The parties presented evidence that after the event, Clark told police and doctors that he thought he was attacked by two people and was kicked in the head and chest.

However, a doctor testified that memory loss and confusion were possible because Clark had lost consciousness and suffered a subdural hematoma.

He also had a nasal bone fracture and a tooth knocked out.

Clark testified that he did not remember anything happening after he tried to shake Dailey’s hand, did not remember talking to doctors or the police and did not remember hearing Dailey whistle for the women.

In his own defense, Dailey testified that he was almost to his car when he felt Clark punch him in the side of his head.

He said he turned around, swinging blindly and unknowingly struck Clark.

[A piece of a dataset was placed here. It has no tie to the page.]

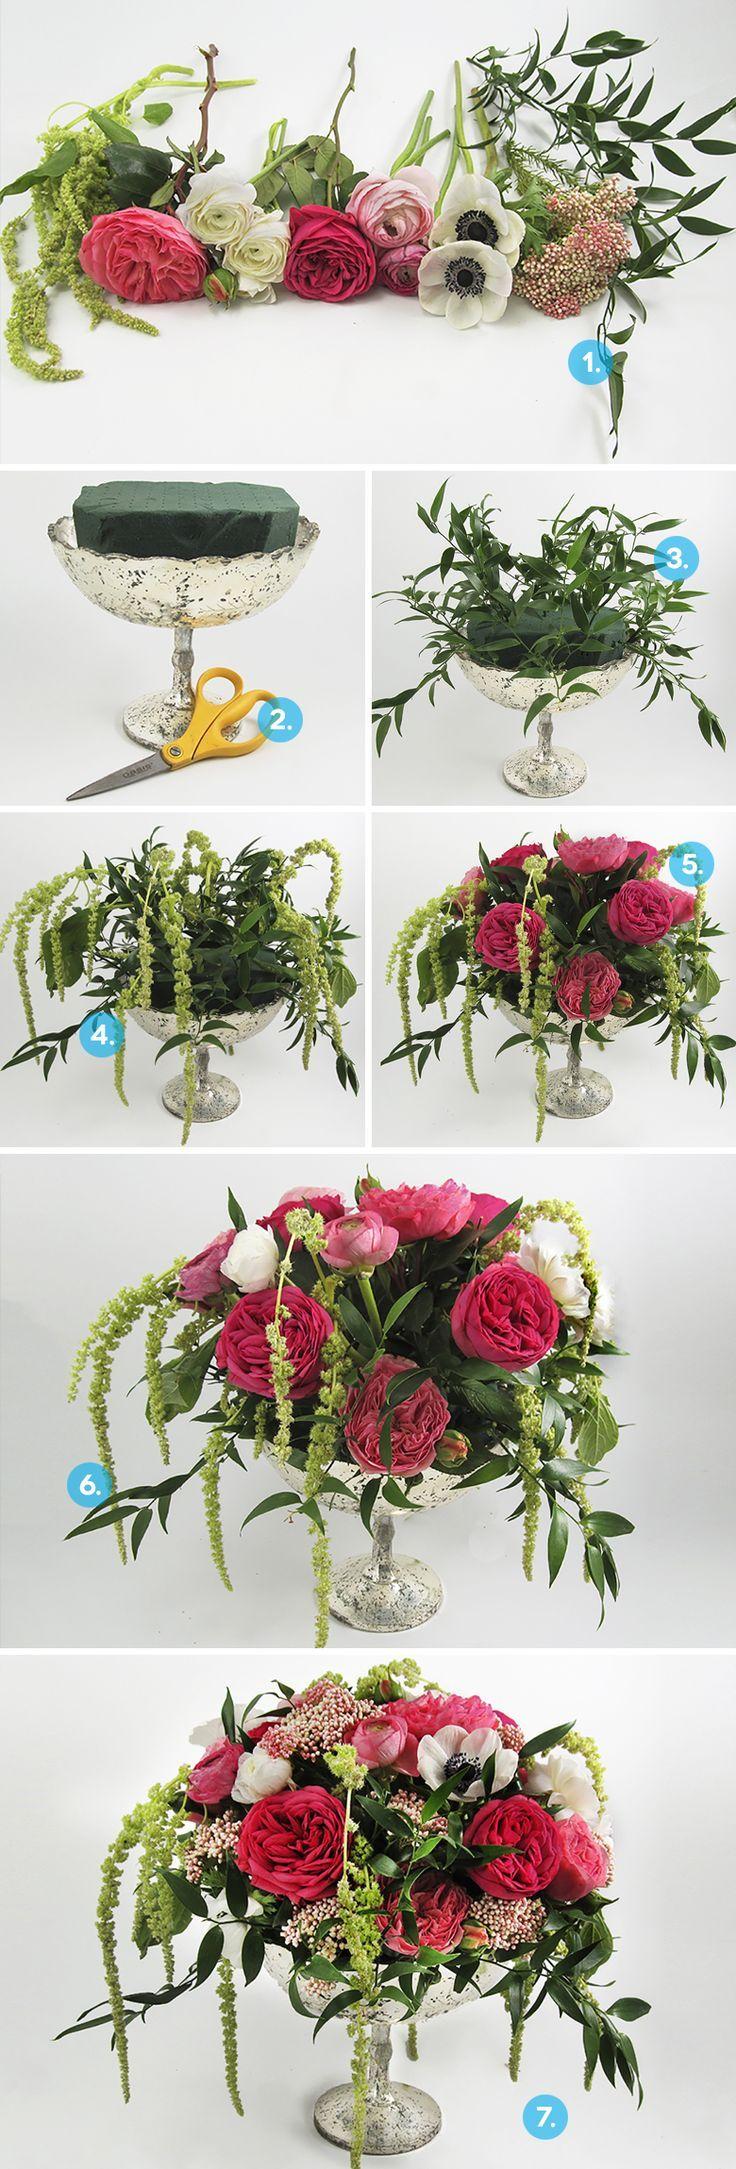 A Practical Flower Arrangement

The jury elected not to believe his testimony and instead found him guilty of felonious assault.

On appeal, Dailey first argued that the trial court should not have allowed Nalley and Taylor to testify that he bragged about fighting because it constituted prior bad acts.

“We concur with (the state) that testimony that appellant bragged about liking to fight on the night in question is not evidence of appellant’s character or evidence of a bad act. Rather, such testimony related to statements made by appellant to witnesses on the night in question,” Baldwin stated.

The judges ruled that the testimony was relevant to show that Dailey acted knowingly, even if it did constitute other bad acts testimony.

The panel ultimately agreed that even if an error did take place, Dailey was not prejudiced by it because two witnesses testified that he struck Clark intentionally and without provocation.

He next argued that his conviction was against the manifest weight and sufficiency of the evidence.

Again, the judges disagreed.

They held that to commit felonious assault, an individual must knowingly cause serious physical harm to another.

Clark’s medical records showed that he suffered serious physical harm and the witnesses provided that Dailey caused that harm.

“Based on the testimony set forth in detail in the statement of facts above, we find that, after viewing the evidence in a light most favorable to the prosecution, any rational trier of fact could have found that appellant knowingly caused physical harm to Clark,” Baldwin wrote.

Finding no merit to Dailey’s arguments, the judges affirmed the lower court’s ruling.

The case is cited State v. Dailey, 2015-Ohio-290.